Every line below from the one with "Mappa delle possibili" through the one with "Vue aérienne de" should be retyped exactly, both ends included; no other lines and no pictures.

DATA BLOCK –
* * * * * * *

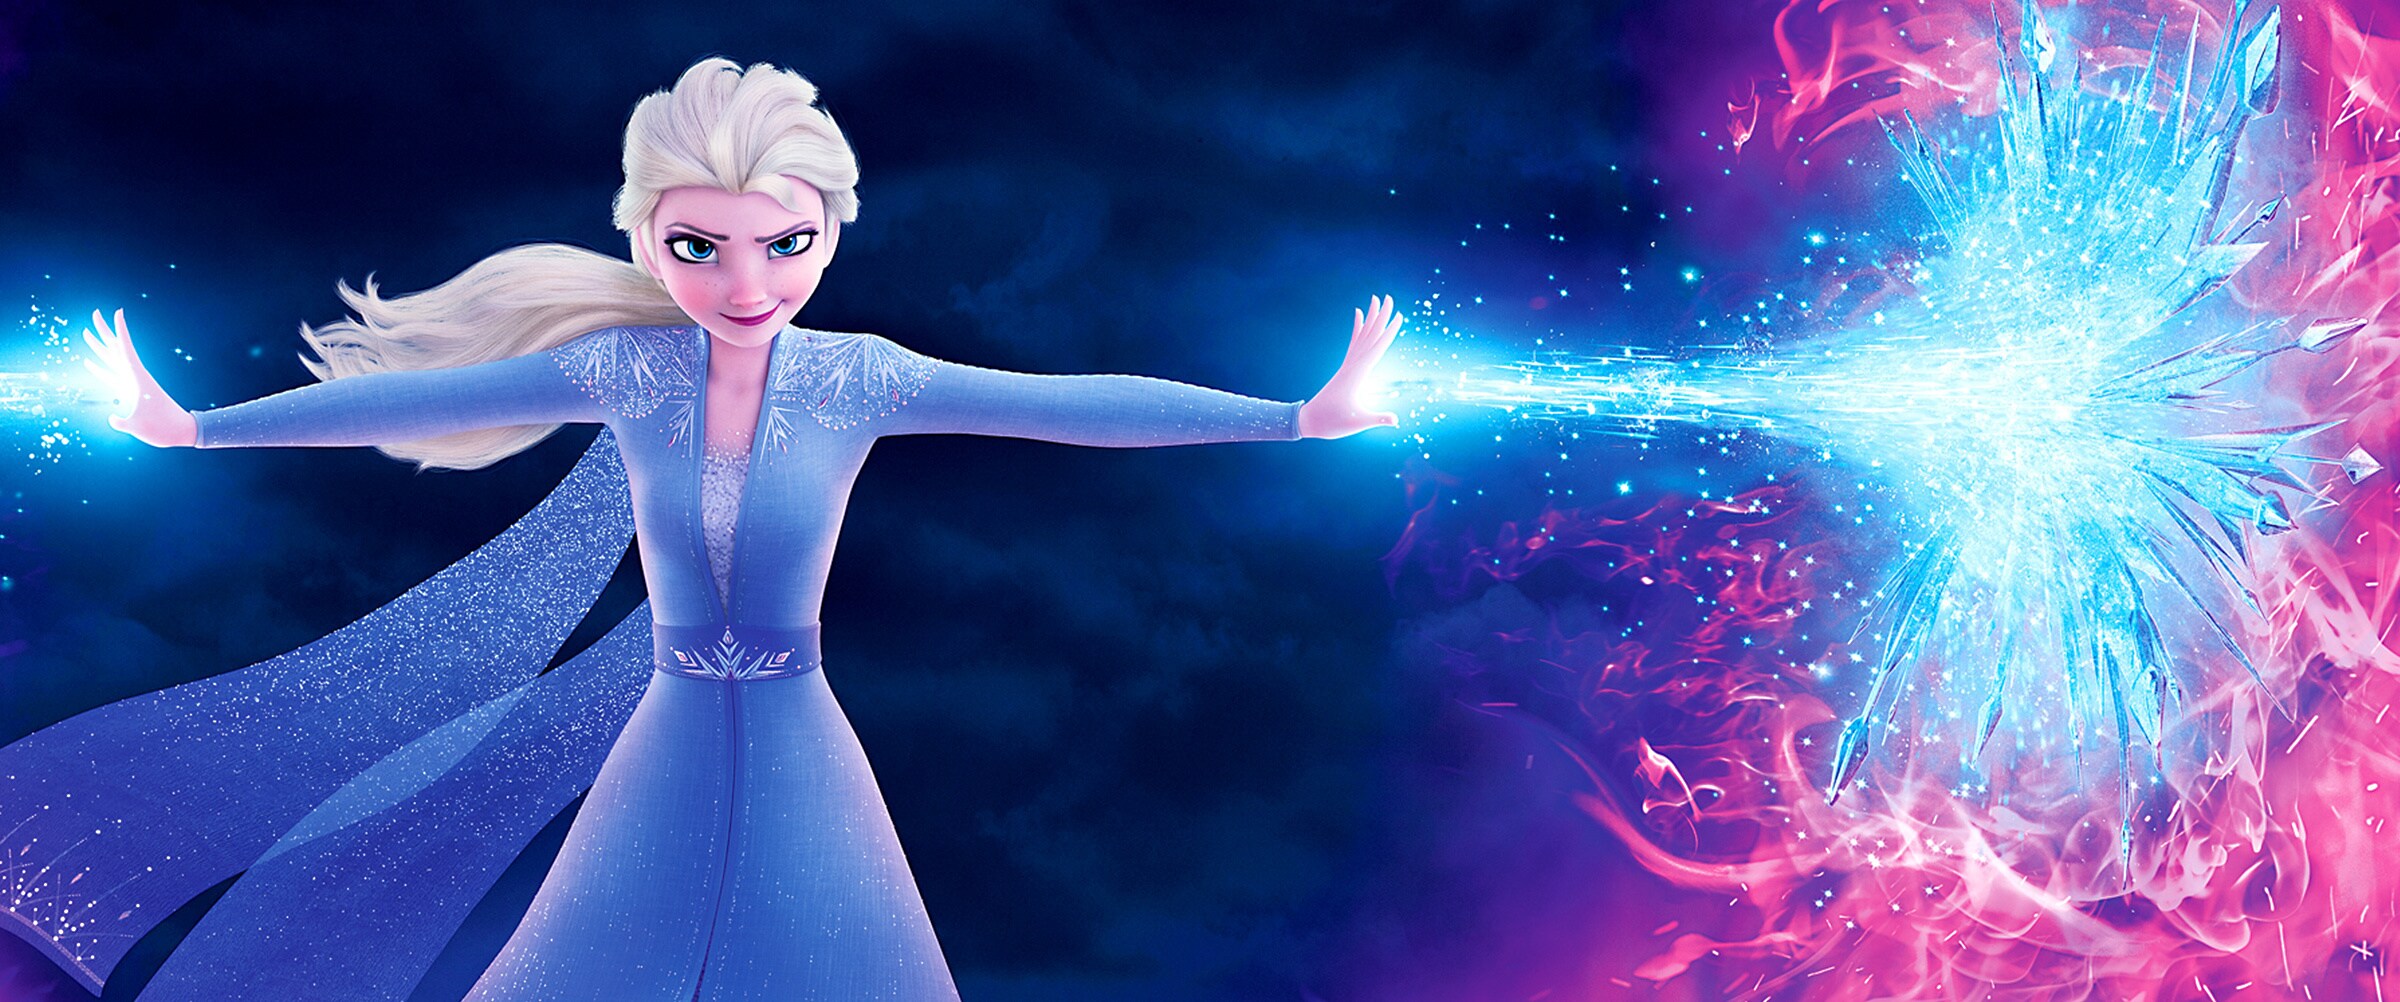 Frozen 2 (2019) - Homepage Hero - Elsa
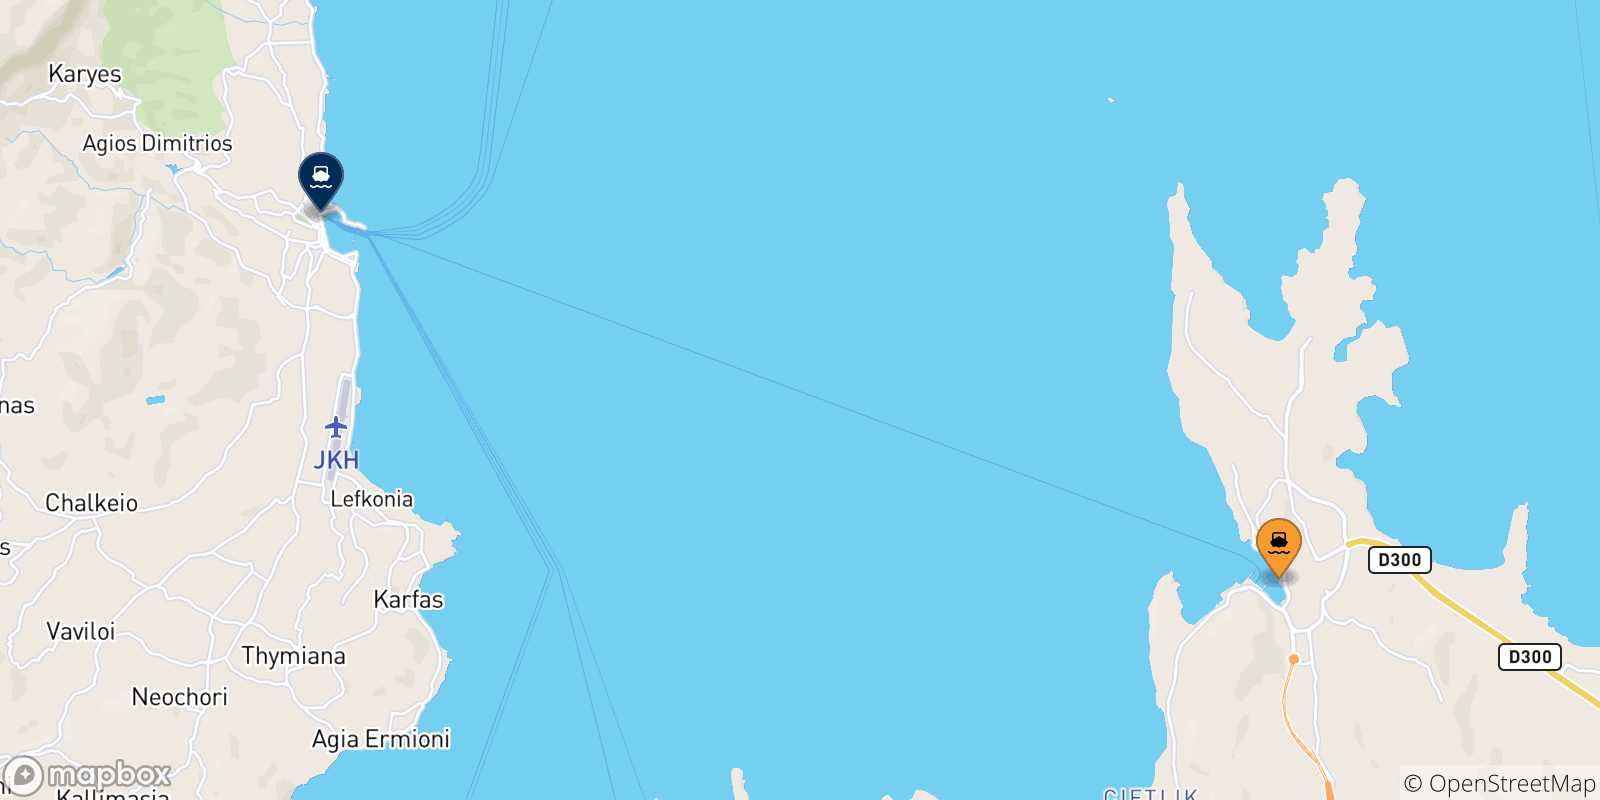 Mappa delle possibili rotte tra la Turchia e Chios
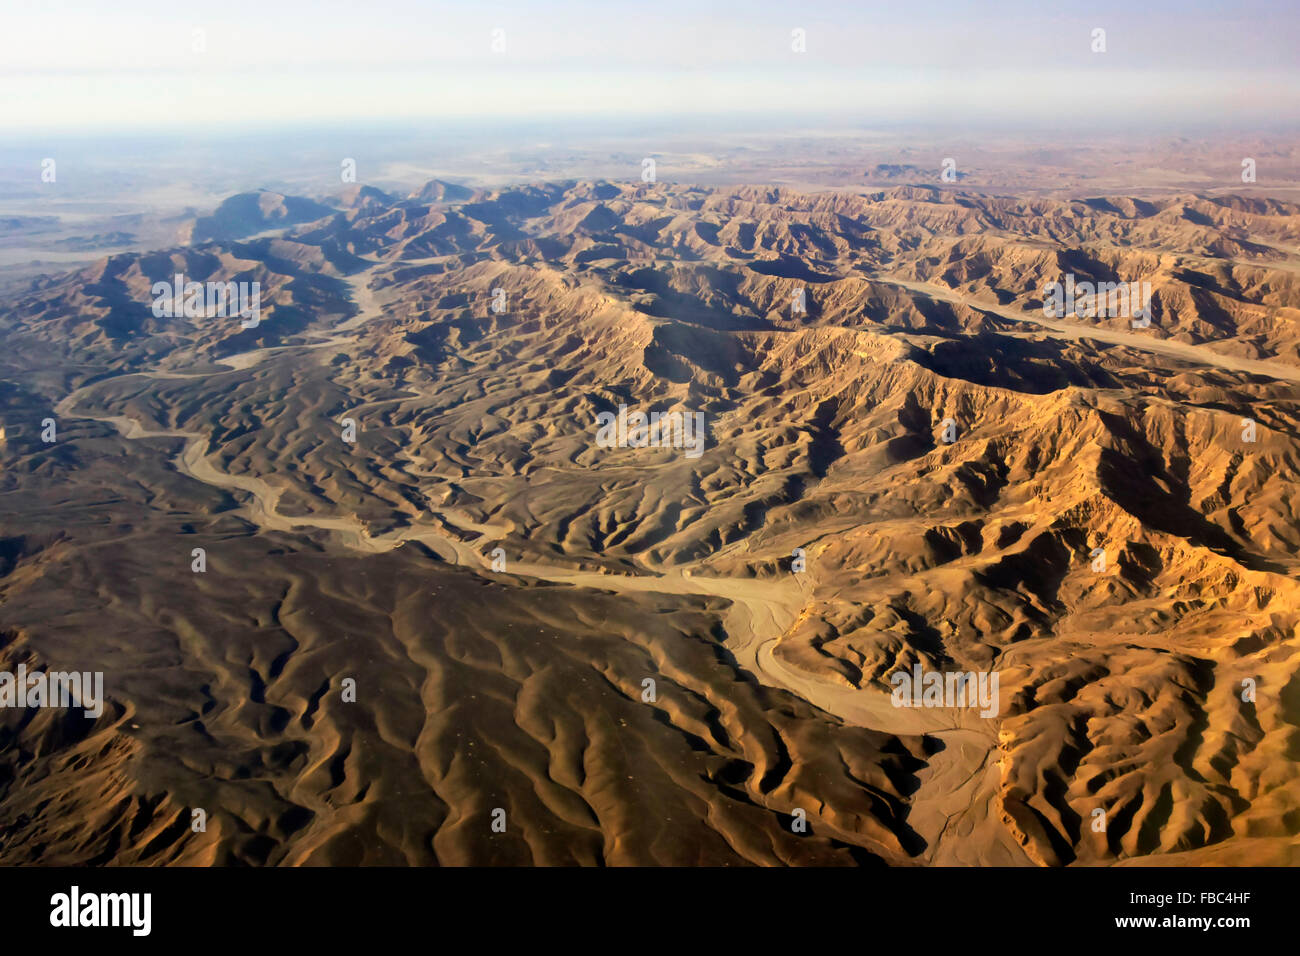 Vue aérienne de la montagne de sable du désert égyptien. Un inextricable labyrinthe de rivières de l'époque, apportant un sentiment de sérénité. Banque D'Images
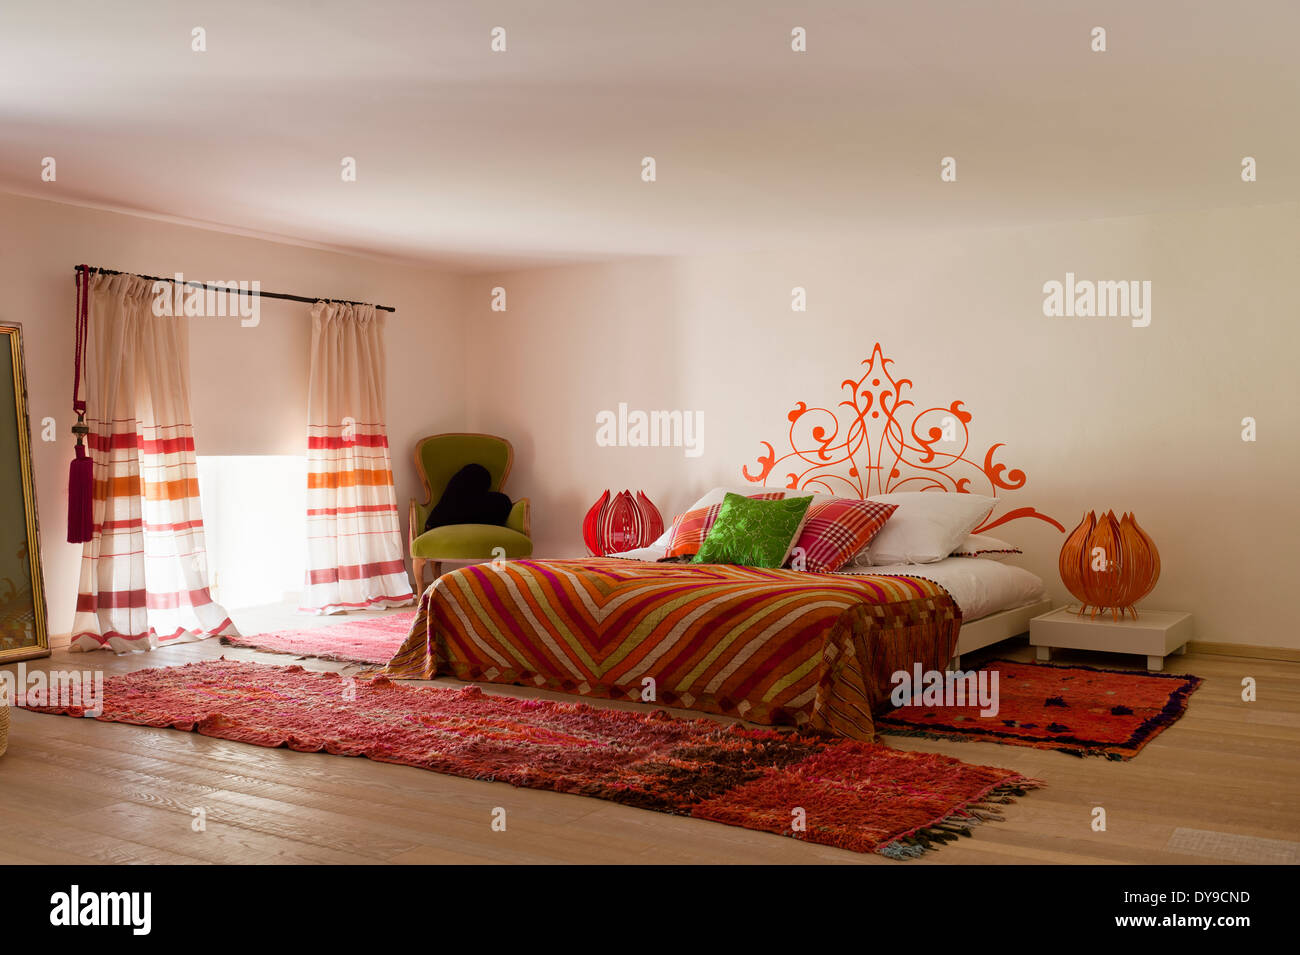 Indios y cálida inspiración marroquí dormitorio con telas de colores brillantes y suelos de roble lima Foto de stock

* * * * * * *

ANSWER AREA –
 Mappa delle possibili rotte tra la Turchia e Chios
 Vue aérienne de la montagne de sable du désert égyptien. Un inextricable labyrinthe de rivières de l'époque, apportant un sentiment de sérénité. Banque D'Images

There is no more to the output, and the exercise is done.